WORK ITEM
Retype the data exactly, skipping any picture in it.

DATA EXCERPT

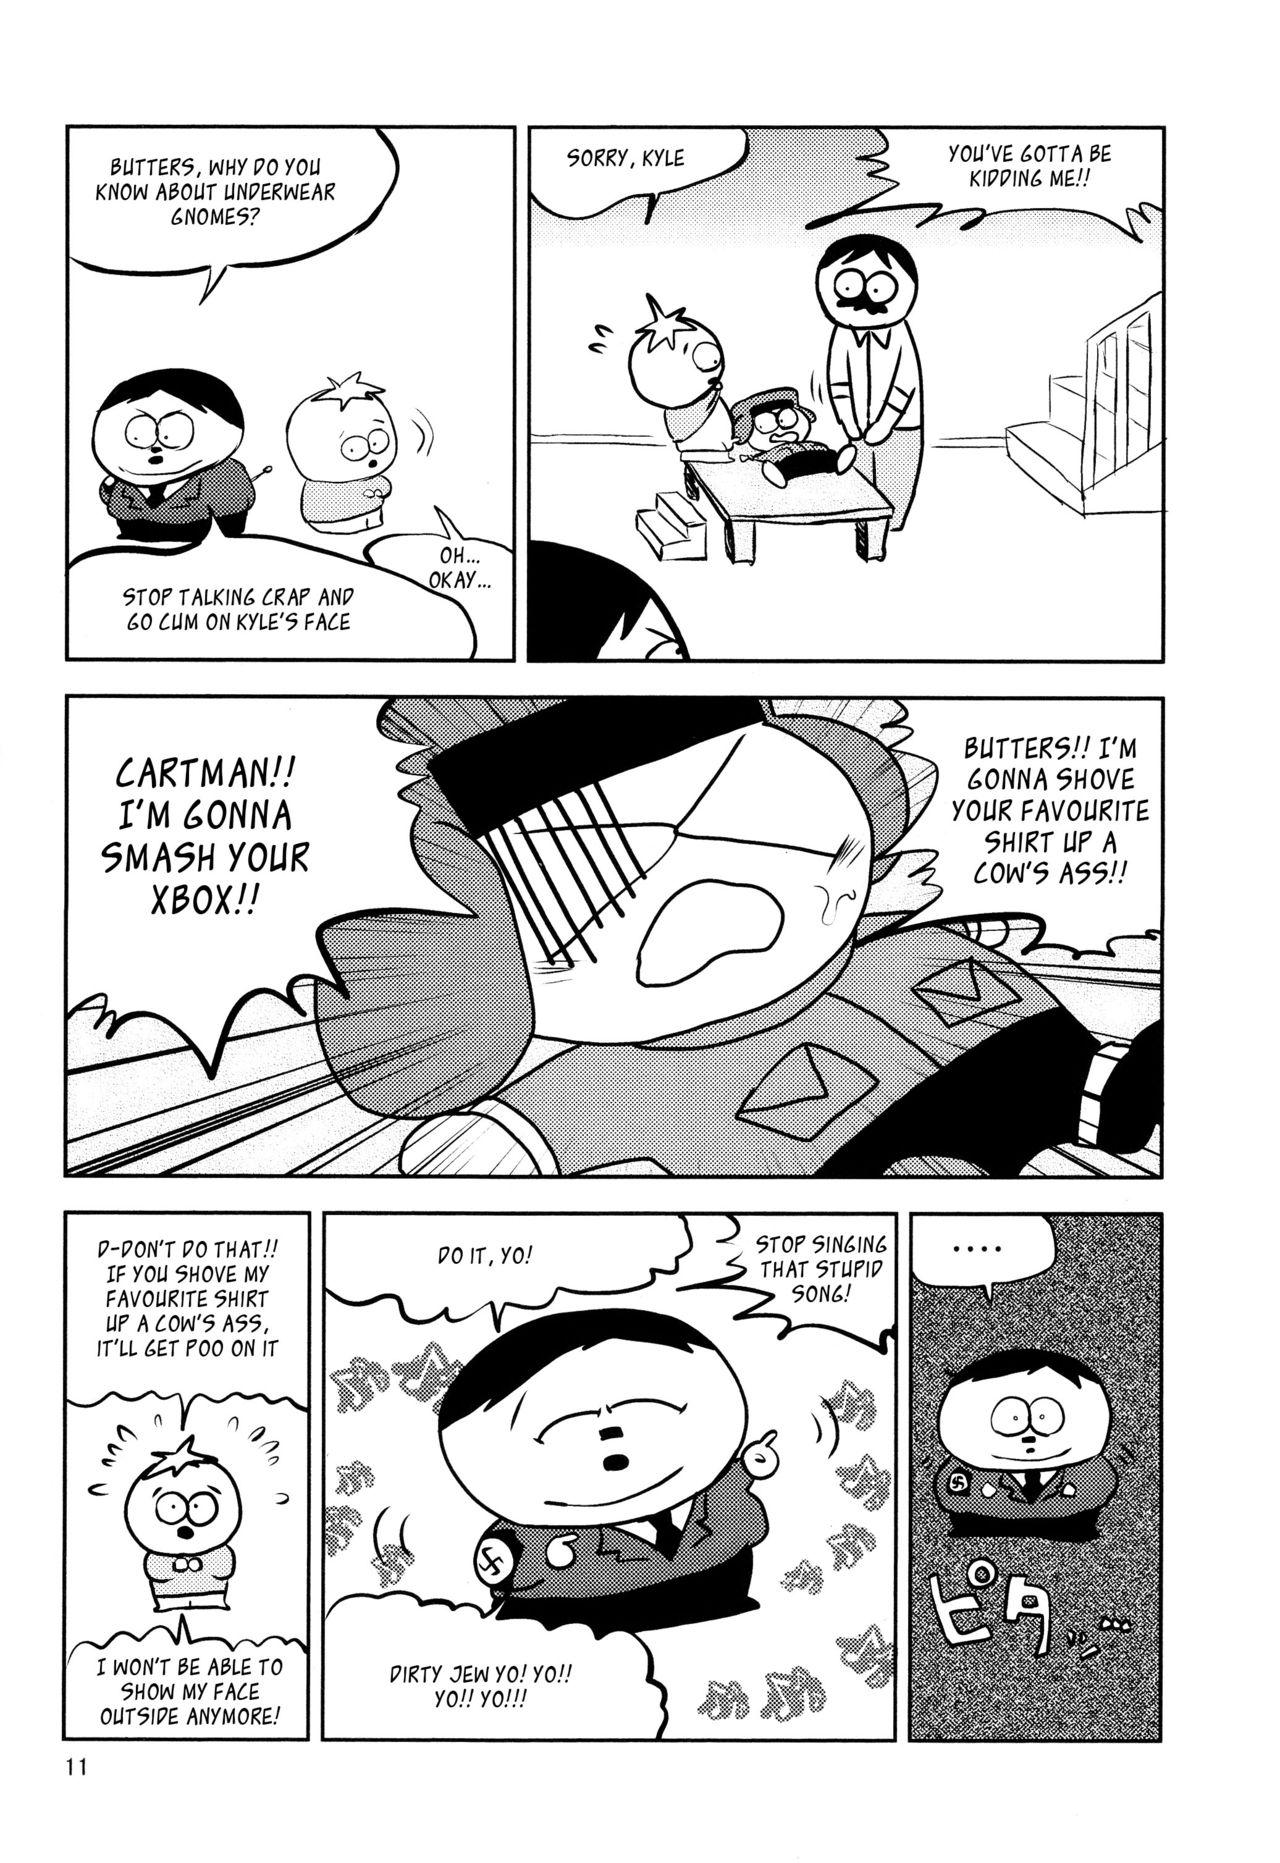 Condom Lovely Hitler's Counterattack - South park Bush - Page 11
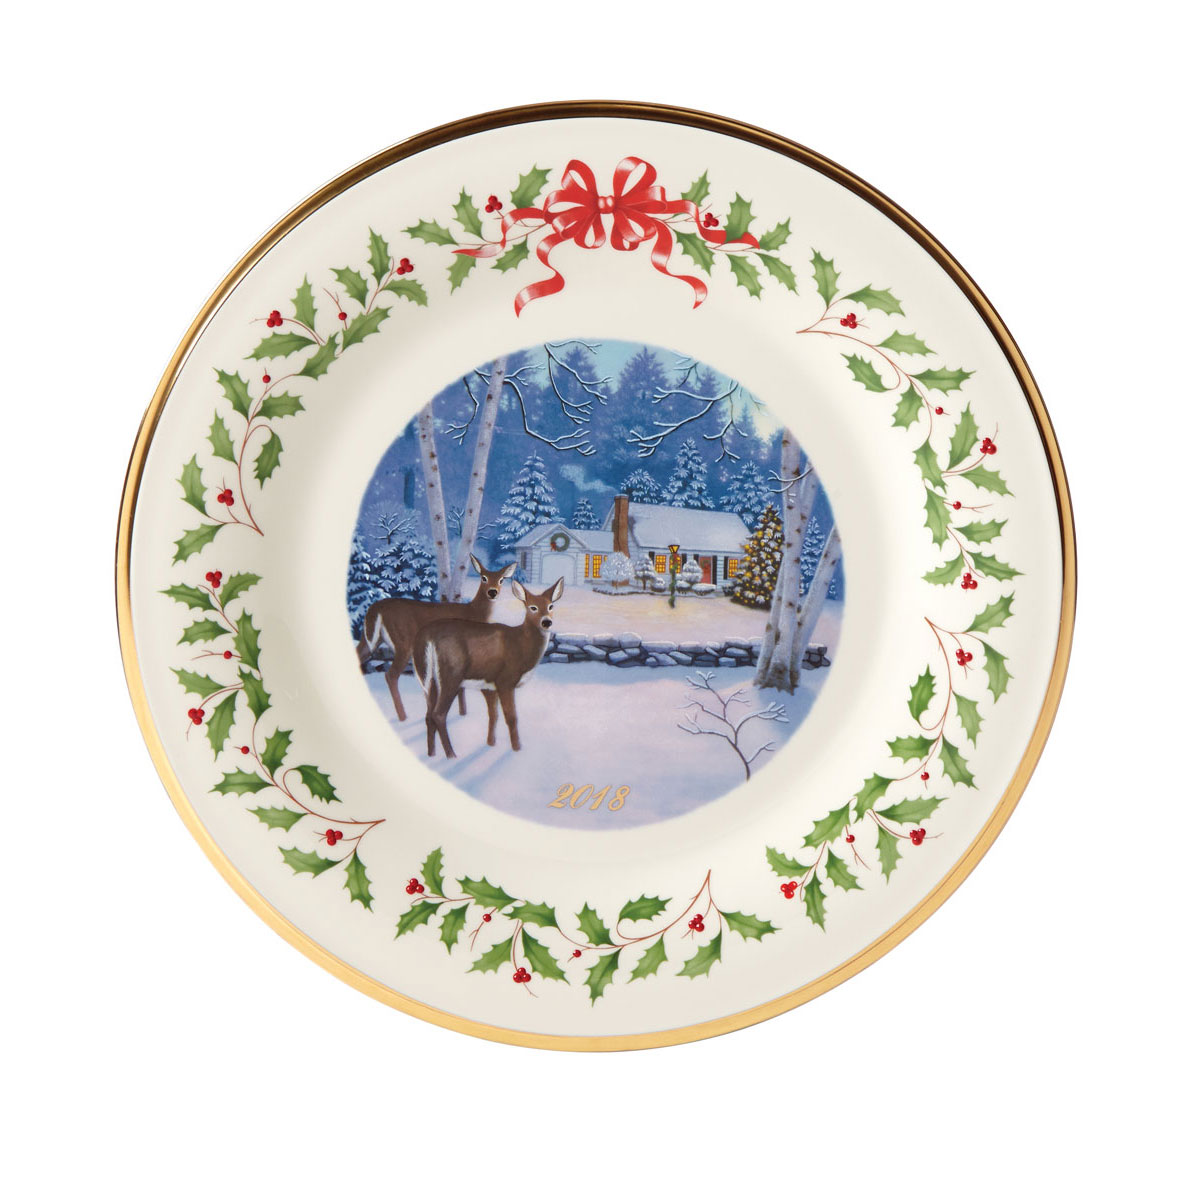 Lenox 2018 Holiday Collectors Plate, 28th Edition - Cabin
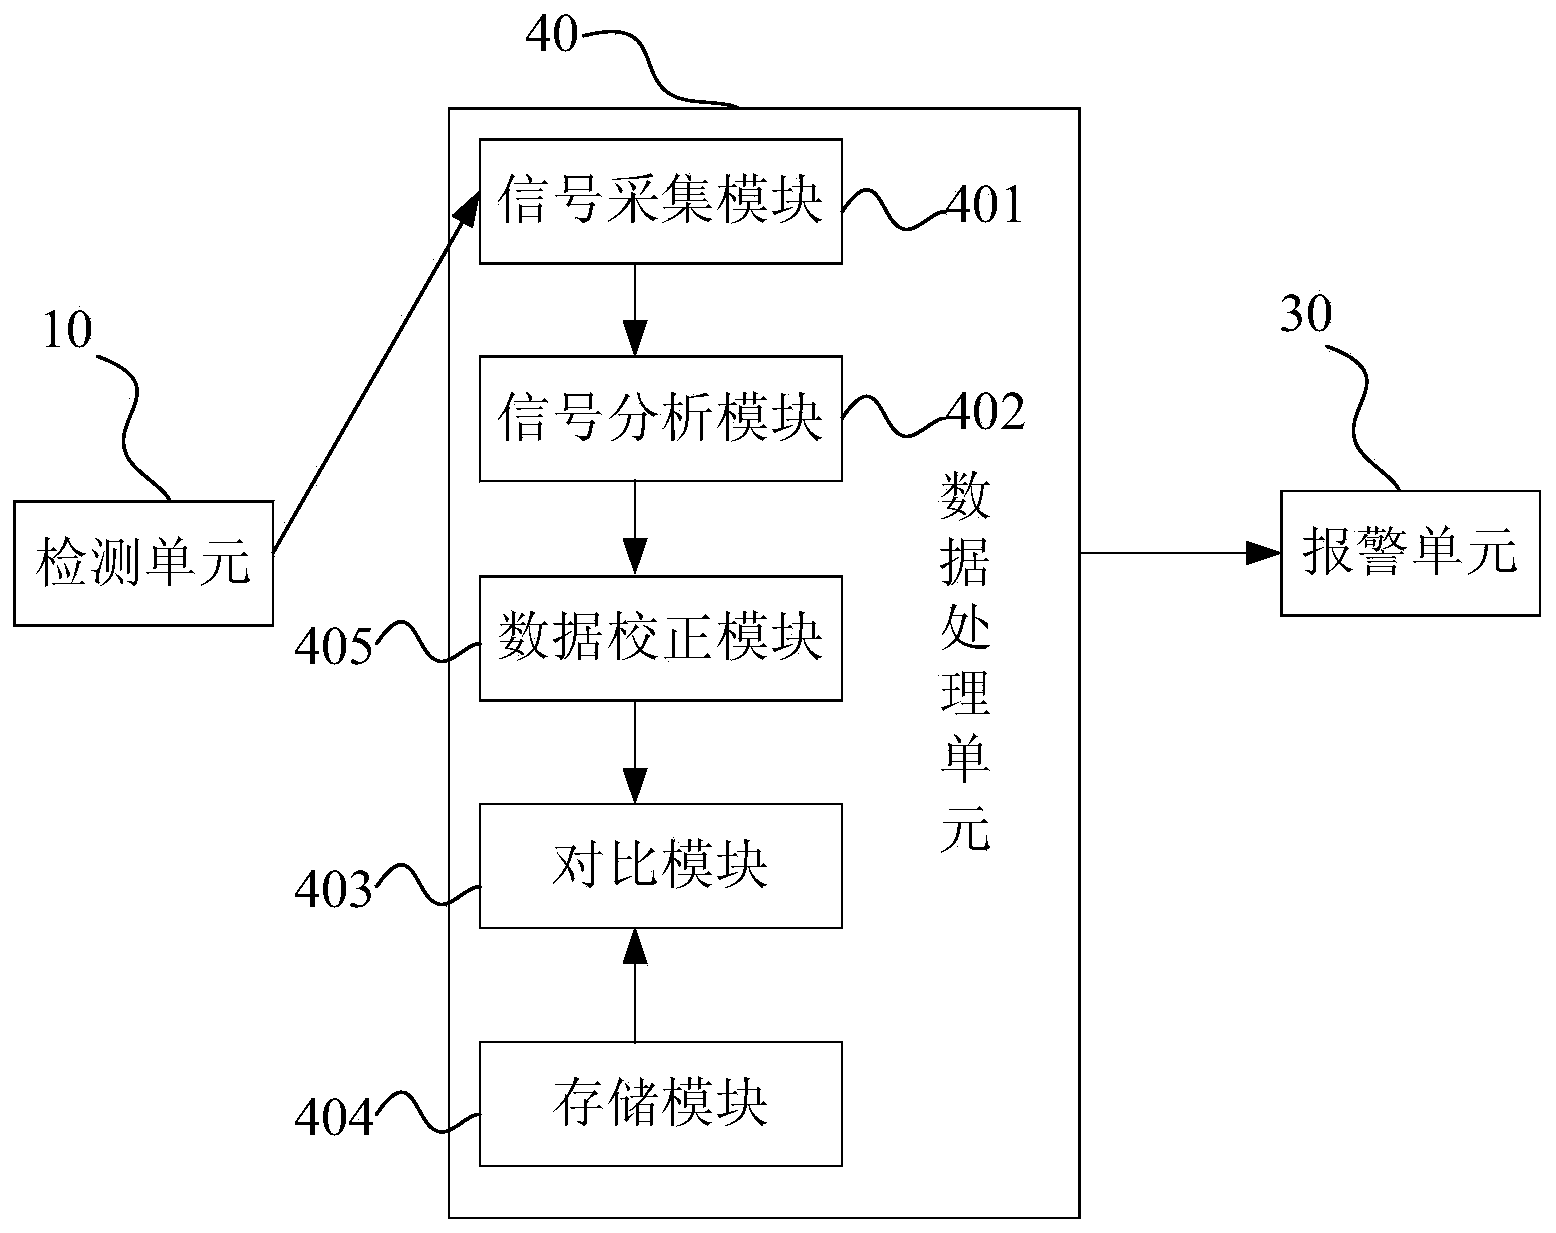 Security inspection device and method for identifying forbidden objects using same

TASK OUTPUT
 Condom Lovely Hitler's Counterattack - South park Bush - Page 11
 Lenox 2018 Holiday Collectors Plate, 28th Edition - Cabin
 Security inspection device and method for identifying forbidden objects using same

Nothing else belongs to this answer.